What would be good practice to evaluate the reliability of results on a regular basis? Would be keen to see what other labs are doing.

Thank you!

Julieke

[karbonat]

Dear Julieke,
I would like to share my ideas about your situation as our work is also connected with spirits analysis. Yes, according to EC 2870/2000 the determination of volatiles in spirit drinks is made by GC with the usage of Internal Standard (IS) method. But apart from the traditional IS method there is novel one which is called “Ethanol as IS” and it uses main volatile component (ethanol) for the determination of the same RRF factors. You can find more information in this paper dx.doi.org/10.1021/jf3044956 and on the youtube channel https://www.youtube.com/channel/UCXgL2c ... lW1oxOGqtQ .
Now about your problem. It should be noticed that quality assurance and control procedure are required in item 10 of EC 2870/2000. Standard solution must be used in order to be convinced in the correctness of data obtained in your laboratory. You may create a standard solution from any bought/manufactured spirit, for instance whiskey and use it in laboratories of your testing group. A usual bottle volume is about 1L, it means that you can fill 500 (1000/2) microvials with this spirit and use them as a standard sample.
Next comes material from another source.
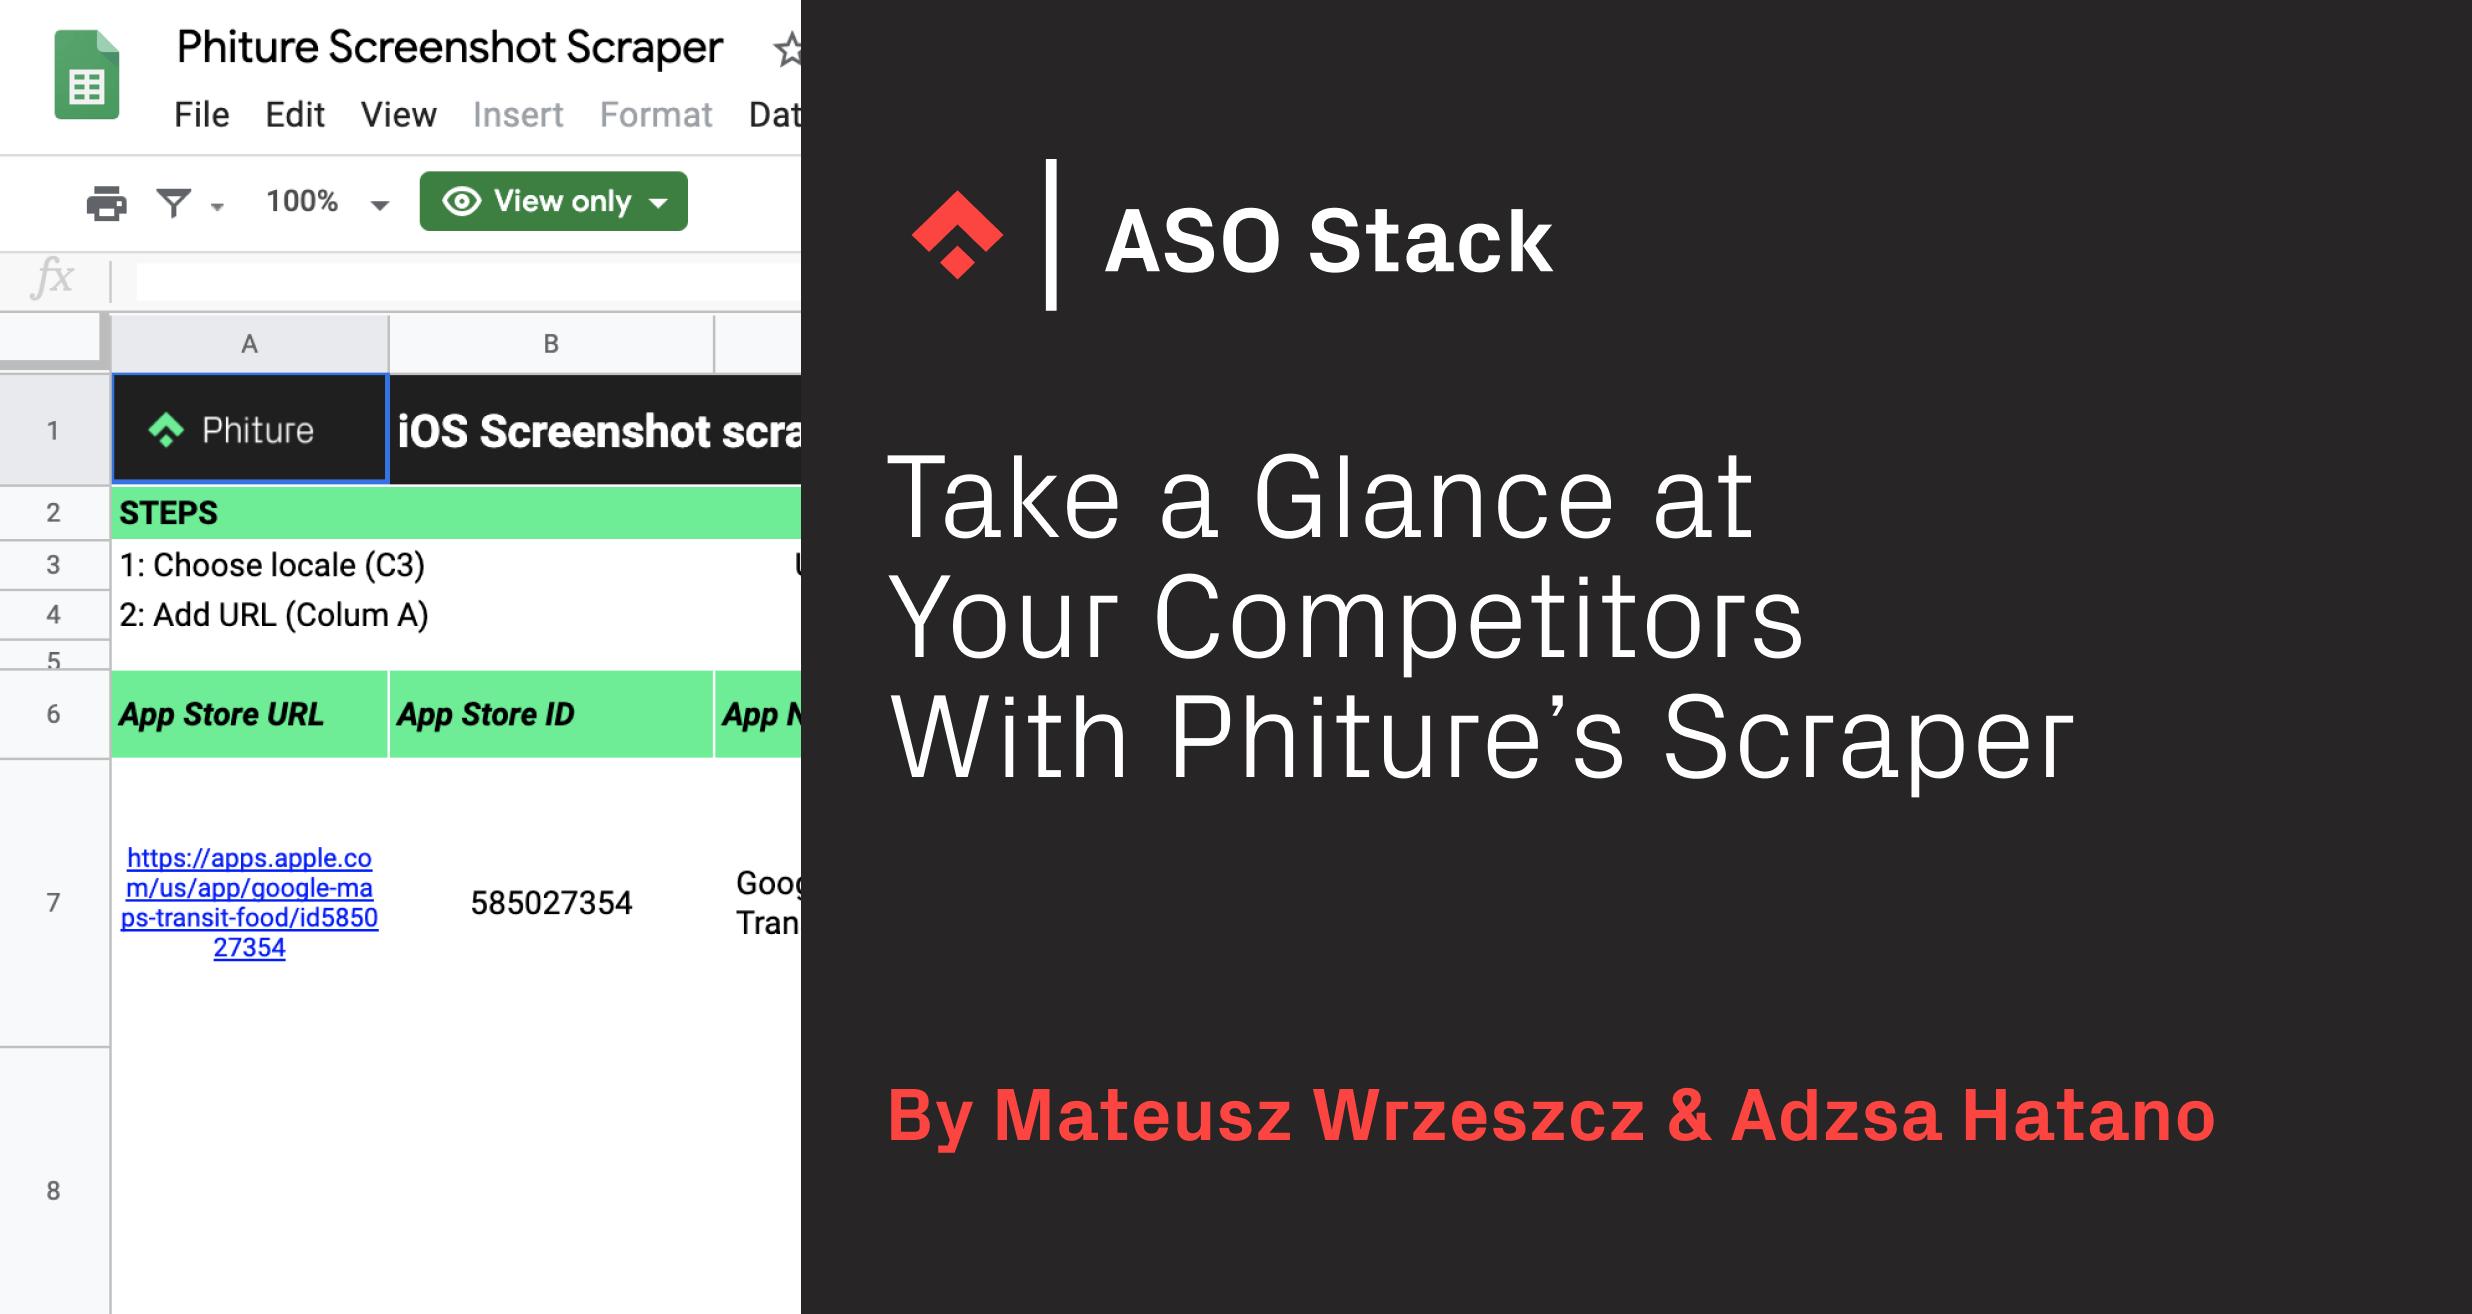 Phiture Screenshot Scraper

And now what is to be done:

1. You are to compare the obtained results of the measurements of this spirit among testing laboratories and make corresponding conclusions (about any extraordinary laboratory)
2. You are to compare the obtained results of the measurements (at a long period of time, e.g. to make measurements each week for few months) of this spirit within your own laboratory without making any recalibration of your GC instrument in order to find out that RRF coefficients have very similar values.
3. The reliability of your instrument can be confirmed by the calculation of RSD values. It really shows the robustness of method and instrument you use. RSD can be easily calculated from a row of parallel (consequent) measurements (2-4 for instance) according to common formulas.
4. Of course your “standard sample” (a spirit) must be stored correctly (cool and dark place, inert atmosphere is preferred) if you are going to use it at long period of time.

You may examine and test new analytical method presented above. It really makes the analysis much cheaper and simpler, and metrological characteristics are more stable than in traditional IS method. You are welcome to ask me any additional questions (karbonat7@gmail.com).

[Peter Apps]

Hello!

I have recently joined the forum and am still trying to find my way around it so apologies if this has been the subject of a previous discussion.

I work in the lab of a spirit producer. As part of shipment, we provide the results of GC analysis to the customer, showing the composition of our product. As far as we know, there is no regulation dictating how we should ensure that our instrument is performing and the customer is not asking for any details-we usually make sure that our analysis falls within internal specs.

Our method uses an internal standard and standard curves were obtained a while back for each of our analytes. We do not have any formal internal testing in place but are members of an external testing group, which sends us a sample of a certified amount every 3 month (our results usually compare well with those of other labs). I would like to set up a procedure on a more regular basis to evaluate the reliability of our instrument/method but also look at RSDs on a more regular basis (just in case someone comes asking for them!).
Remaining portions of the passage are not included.